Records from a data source
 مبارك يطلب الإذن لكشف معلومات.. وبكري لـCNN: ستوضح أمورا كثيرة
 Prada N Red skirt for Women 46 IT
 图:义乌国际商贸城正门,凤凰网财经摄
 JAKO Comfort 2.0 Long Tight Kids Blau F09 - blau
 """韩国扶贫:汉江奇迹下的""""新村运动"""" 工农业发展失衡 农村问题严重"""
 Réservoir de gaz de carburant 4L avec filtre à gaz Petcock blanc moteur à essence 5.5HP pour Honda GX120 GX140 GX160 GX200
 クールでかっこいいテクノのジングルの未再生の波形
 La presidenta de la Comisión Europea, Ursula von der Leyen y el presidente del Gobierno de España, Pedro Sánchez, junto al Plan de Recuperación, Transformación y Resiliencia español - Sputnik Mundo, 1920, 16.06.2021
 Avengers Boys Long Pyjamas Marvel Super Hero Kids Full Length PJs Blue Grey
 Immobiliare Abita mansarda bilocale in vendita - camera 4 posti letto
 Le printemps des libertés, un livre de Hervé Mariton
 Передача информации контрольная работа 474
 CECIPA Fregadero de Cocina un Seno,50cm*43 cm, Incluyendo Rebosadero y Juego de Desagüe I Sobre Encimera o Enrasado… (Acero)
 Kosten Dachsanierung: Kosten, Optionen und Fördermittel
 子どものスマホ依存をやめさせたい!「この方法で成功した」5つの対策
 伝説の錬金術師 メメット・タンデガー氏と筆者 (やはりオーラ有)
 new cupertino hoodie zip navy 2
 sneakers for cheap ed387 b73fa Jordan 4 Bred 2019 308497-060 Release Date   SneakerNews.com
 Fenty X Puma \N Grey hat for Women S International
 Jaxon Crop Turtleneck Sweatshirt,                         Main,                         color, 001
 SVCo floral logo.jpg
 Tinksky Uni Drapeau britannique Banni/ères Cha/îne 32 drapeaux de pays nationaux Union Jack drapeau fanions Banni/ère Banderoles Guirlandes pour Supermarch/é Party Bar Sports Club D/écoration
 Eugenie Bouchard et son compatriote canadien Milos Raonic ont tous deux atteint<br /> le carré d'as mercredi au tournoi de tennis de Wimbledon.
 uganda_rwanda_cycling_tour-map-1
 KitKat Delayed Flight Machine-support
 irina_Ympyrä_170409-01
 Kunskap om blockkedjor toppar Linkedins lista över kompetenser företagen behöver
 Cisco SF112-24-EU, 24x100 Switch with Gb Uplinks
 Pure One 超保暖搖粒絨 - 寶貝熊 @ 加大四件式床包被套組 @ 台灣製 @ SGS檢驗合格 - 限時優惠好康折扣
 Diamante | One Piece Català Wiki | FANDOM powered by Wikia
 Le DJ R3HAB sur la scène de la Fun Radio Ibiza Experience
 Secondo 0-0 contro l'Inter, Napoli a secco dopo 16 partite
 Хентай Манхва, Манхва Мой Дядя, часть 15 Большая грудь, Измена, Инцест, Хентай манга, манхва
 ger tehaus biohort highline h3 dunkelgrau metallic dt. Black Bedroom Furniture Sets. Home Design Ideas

__What to do__. Among the entries above, locate the lines containing "图:义乌国际商贸城正门,凤凰网财经摄" and "Avengers Boys Long", and transcribe exactly those two lines and all lines between.

__Exercise result__.
 图:义乌国际商贸城正门,凤凰网财经摄
 JAKO Comfort 2.0 Long Tight Kids Blau F09 - blau
 """韩国扶贫:汉江奇迹下的""""新村运动"""" 工农业发展失衡 农村问题严重"""
 Réservoir de gaz de carburant 4L avec filtre à gaz Petcock blanc moteur à essence 5.5HP pour Honda GX120 GX140 GX160 GX200
 クールでかっこいいテクノのジングルの未再生の波形
 La presidenta de la Comisión Europea, Ursula von der Leyen y el presidente del Gobierno de España, Pedro Sánchez, junto al Plan de Recuperación, Transformación y Resiliencia español - Sputnik Mundo, 1920, 16.06.2021
 Avengers Boys Long Pyjamas Marvel Super Hero Kids Full Length PJs Blue Grey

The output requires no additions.